The reason for this is that this massively simplifies the computation of the bond (and angle, dihedral) force constants, as they can attributed in an additive fashion to just the interaction of the corresponding bonded pair or triple, or quad of atoms. If the pairwise interactions are not removed, then the computation of the, e.g. force constant of the bond (usually derived from a harmonic analysis of vibrational spectra) would have to have the contribution of the non-bonded interaction between the pair of atoms removed to avoid double counting. If your potential does not account for that, you will have a serious design flaw (or a massive parameterization problem).

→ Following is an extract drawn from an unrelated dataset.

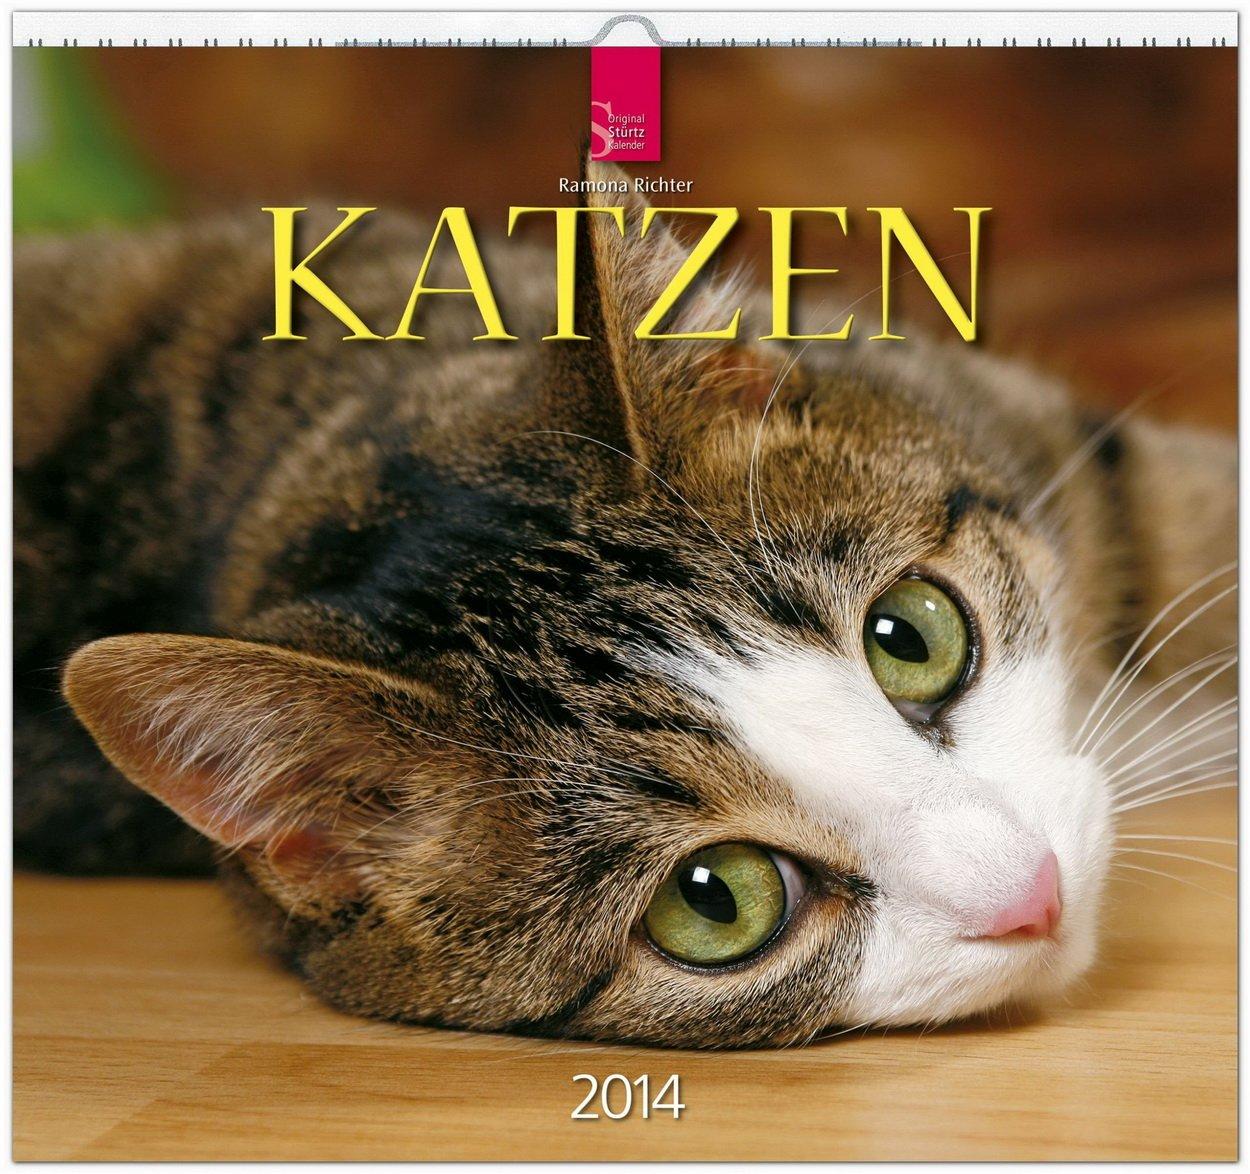 Katzen 2014: Original Stürtz-Kalender - Mittelformat-Kalender 33 x 31 cm [Spiralbindung]

That is not correct. The indexing is by local index (and not atom ID) in both the neigbor list and the bond list. However, the bond list is not the correct place to look for all bonded neighbors of atom “i” in a neighbor list i,j-pair, since it will by default list each bond only once (corresponding to the newton command — LAMMPS documentation) and also the neighbor list will usually not store neighbors of ghost atoms, unless explicitly flagged in the neighbor list request (and the presence of those is subject to the communication cutoff).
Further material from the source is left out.